The Canadian Border Services Agency (CBSA) has broad police powers but there is no independent oversight mechanism to handle complaints as there is for other police forces and agencies in Canada. As it now stands, complaints are handled internally.
Recourse for ‘very vulnerable people’
The CBSA manages the people and goods going in and out of the country, and it has a mandate to detain and investigate non-citizens. That includes permanent residents in Canada, refugee claimants. “These are, in many cases, very vulnerable people,” says Mitchell Goldberg, president of the Canadian Association of Refugee Lawyers. “They’re often terrified of even the thought of making a complaint against a CBSA officer to another CBSA officer.”
There are stunning examples which illustrate the “urgent” need for independent oversight of the CBSA, according to the BC Civil Liberties Association, the Canadian Council for Refugees and the Canadian Association of Refugee Lawyers.

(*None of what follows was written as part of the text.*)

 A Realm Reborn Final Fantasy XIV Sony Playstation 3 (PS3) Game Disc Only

A death in detention raises questions
In December a Mexican woman, Lucia Vega Jimenez, was found hanging in a shower stall at a CBSA detention center in the west coast city of Vancouver. She died in hospital a week later, but no information was made public until a month later.
CBSA officers have shared information about refugee claimants with people in their country of origin, potentially putting them or their family members in danger. There is evidence that a document from a Sri Lankan man alleging he was tortured may have been given to Sri Lankan authorities, again possibly putting him and his family at risk.

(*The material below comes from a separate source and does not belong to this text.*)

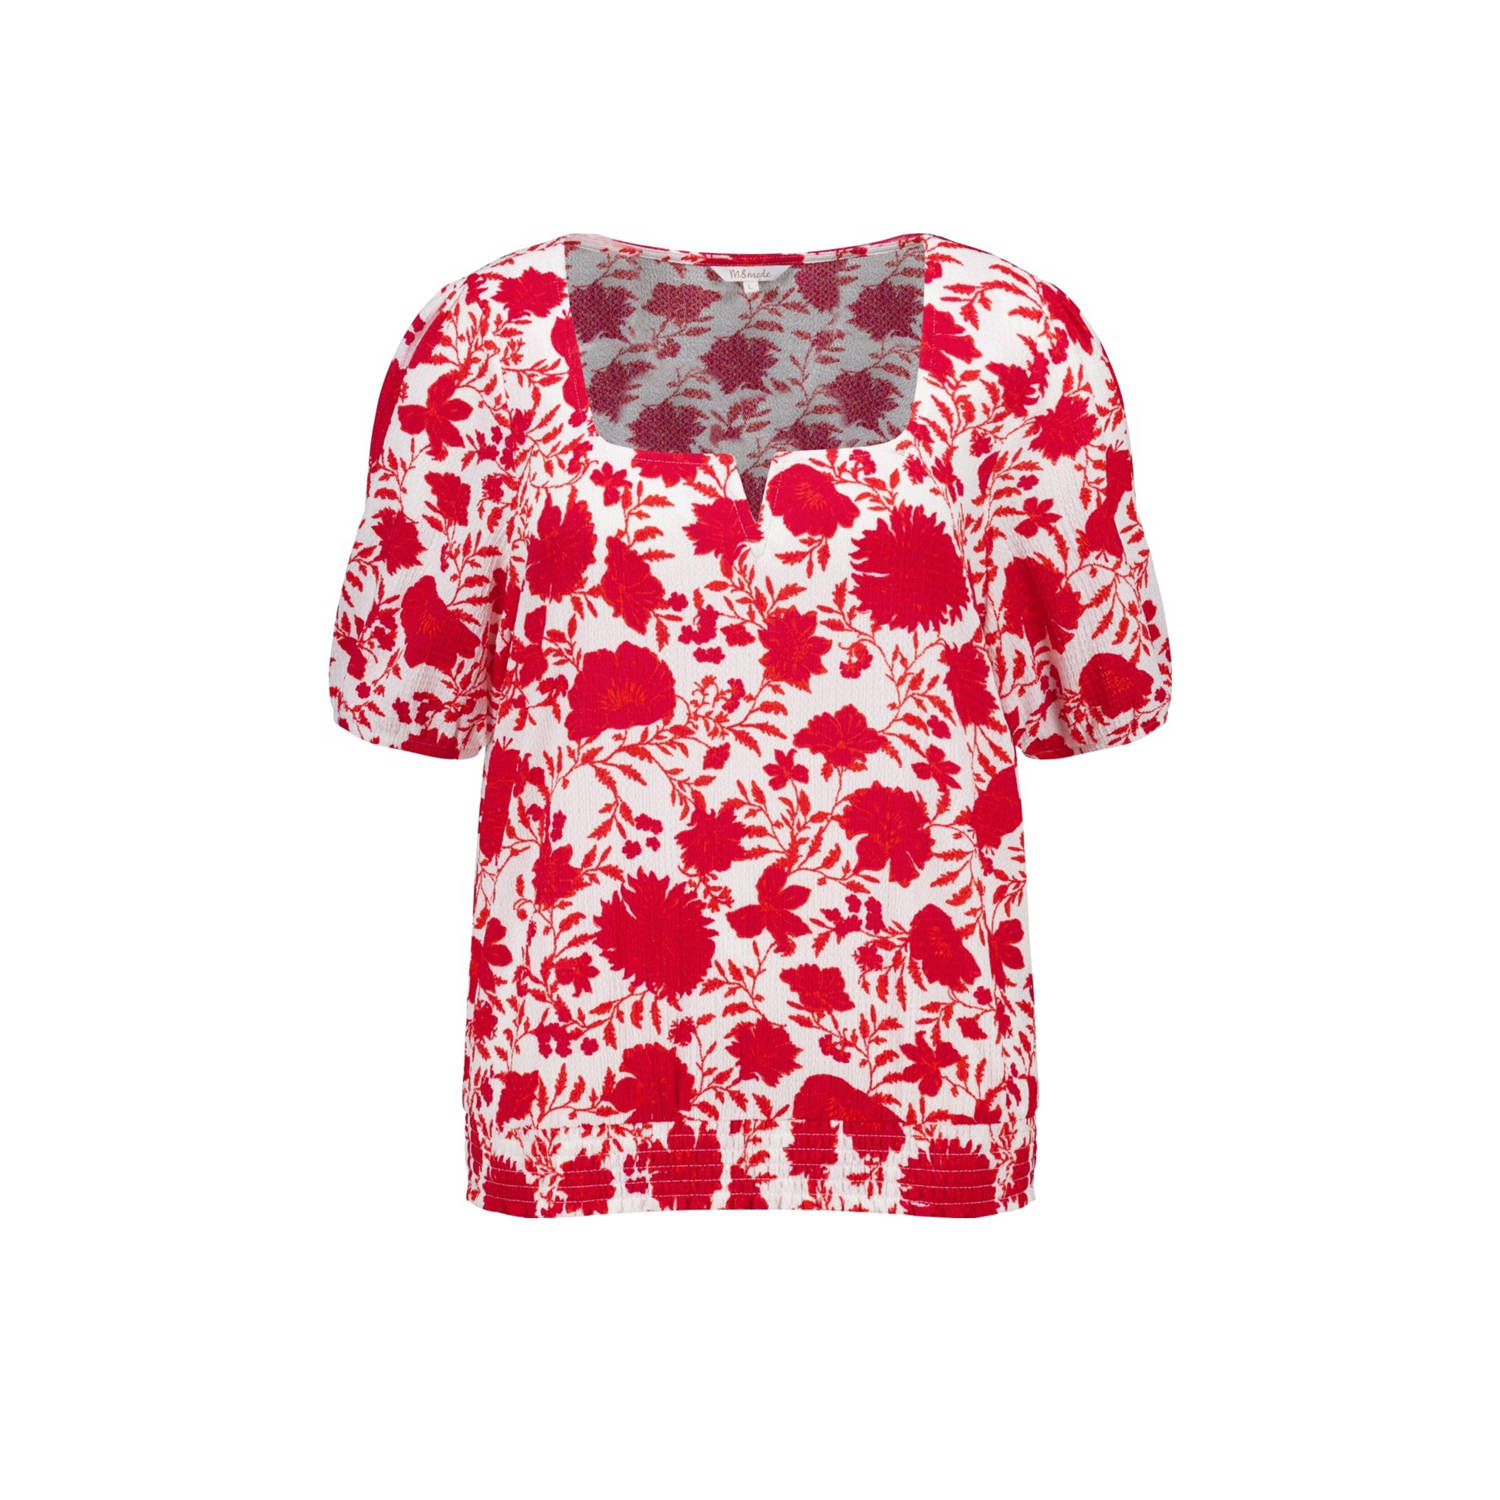 MS Mode top met all over print rood wit

In 2006 a national inquiry recommended that an outside body be set up to review the duties of the CBSA. The groups say it is time to end seven years of inaction.

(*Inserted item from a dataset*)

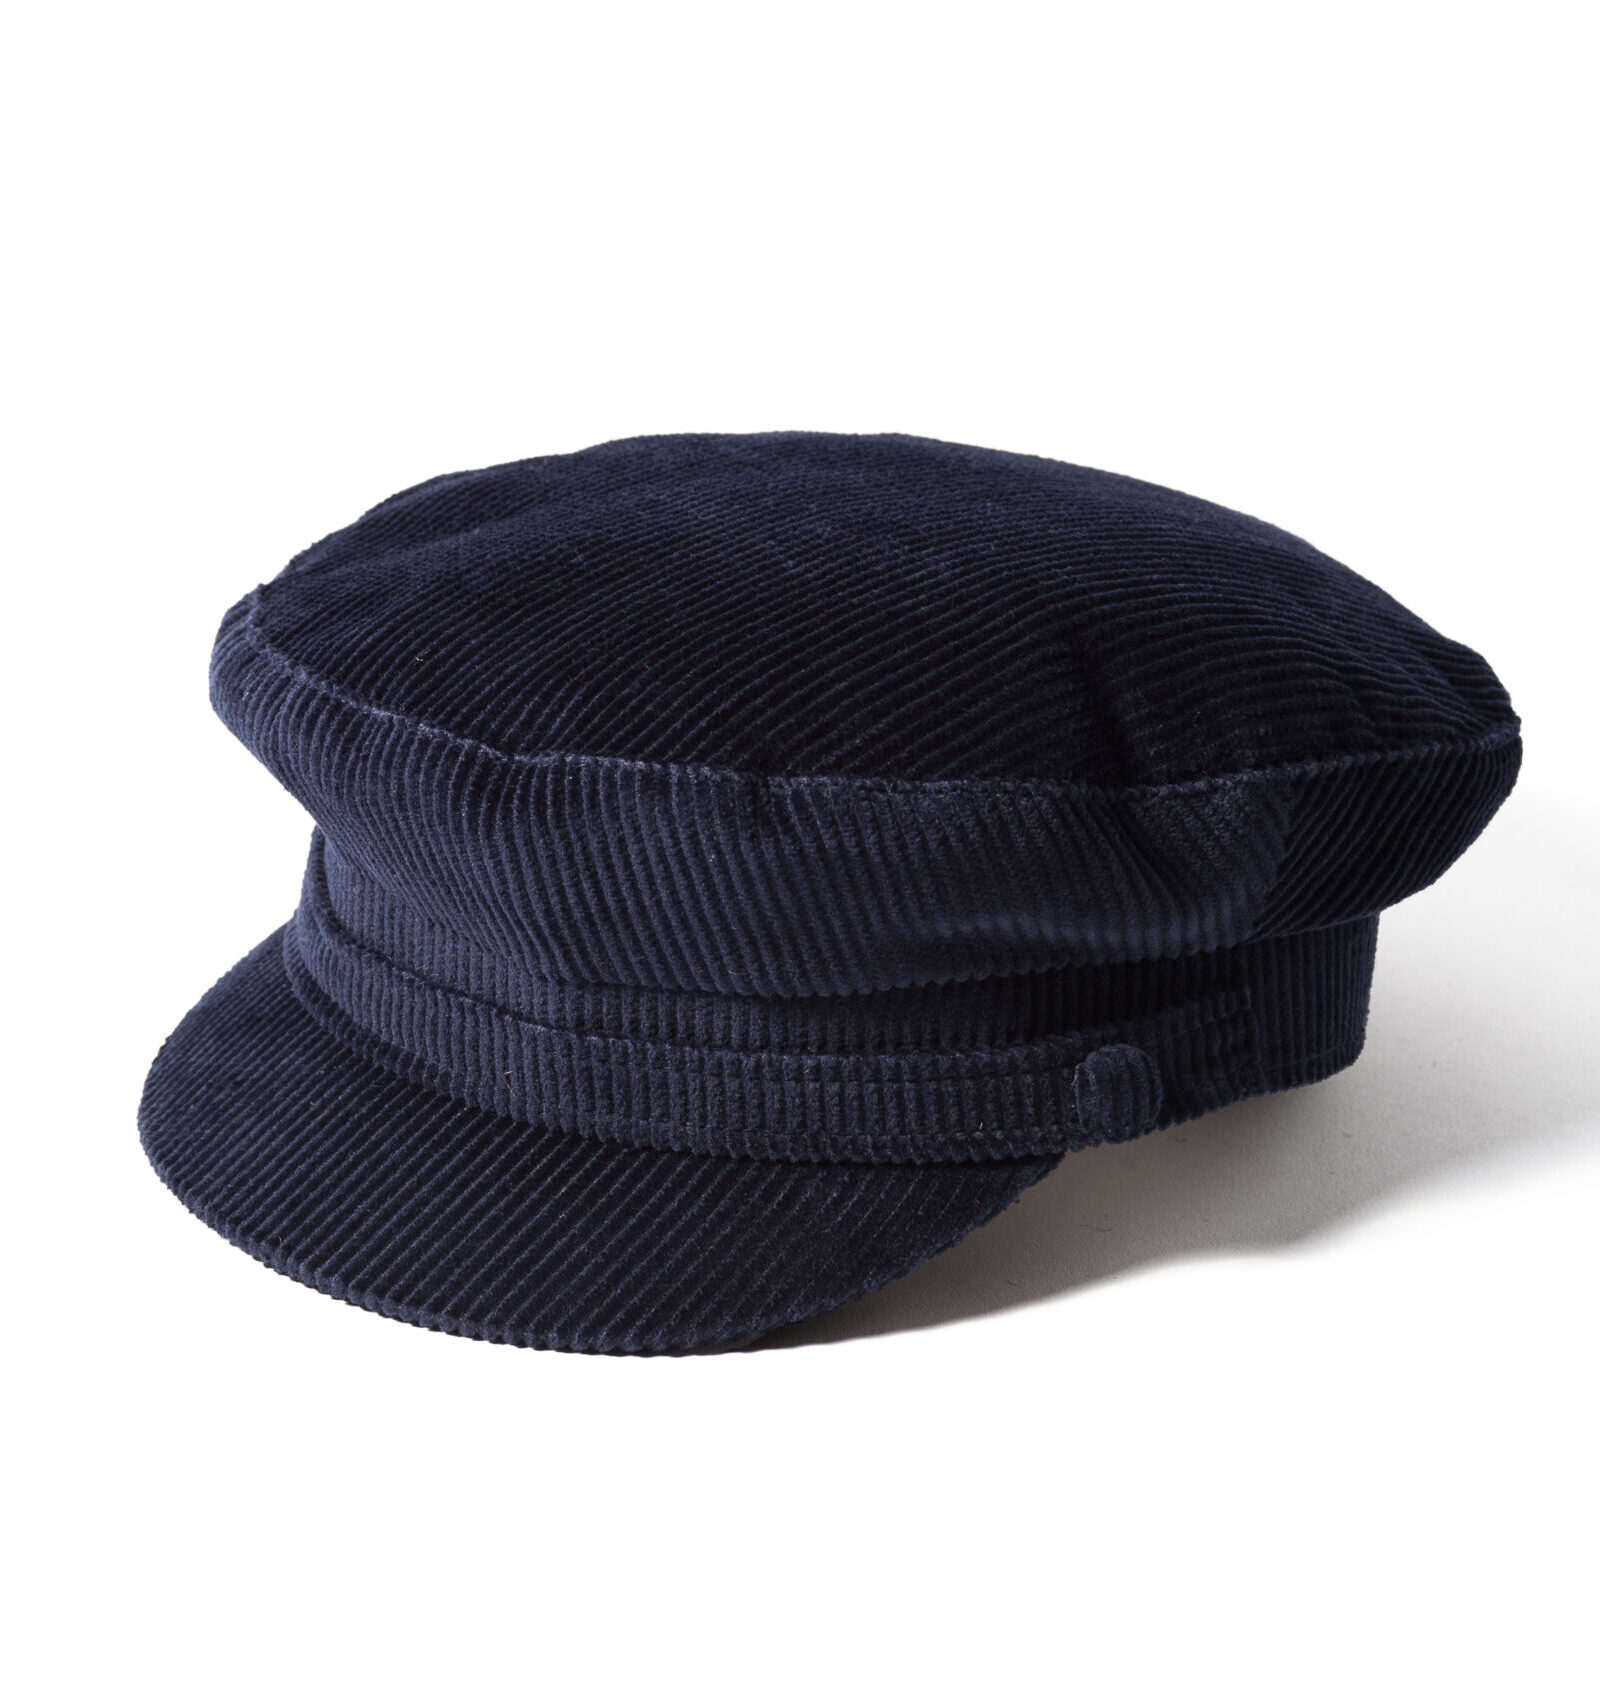 CORDUROY BARGEE MARINER CAP - Cain of Heswall

‘Enormous powers’ require oversight
“CBSA is not any worse or any better than any other agency or any civilian police force,” says Goldberg. “But it is a police force. It has enormous powers and therefore there needs to be an independent oversight—some kind of agency that’s responsible to process and respond to complaints made by individuals who have dealt with the Canadian Border Services Agency.”
‘Lives in the balance’
Civil rights groups and refugee advocates have been concerned about this lack of oversight for many years, says Goldberg. “It’s really important, it’s just too urgent, people’s lives are in the balance. There needs to be accountability, there needs to be transparency, there needs to be the rule of law. The rule of law needs to apply to every group with police powers in Canada.”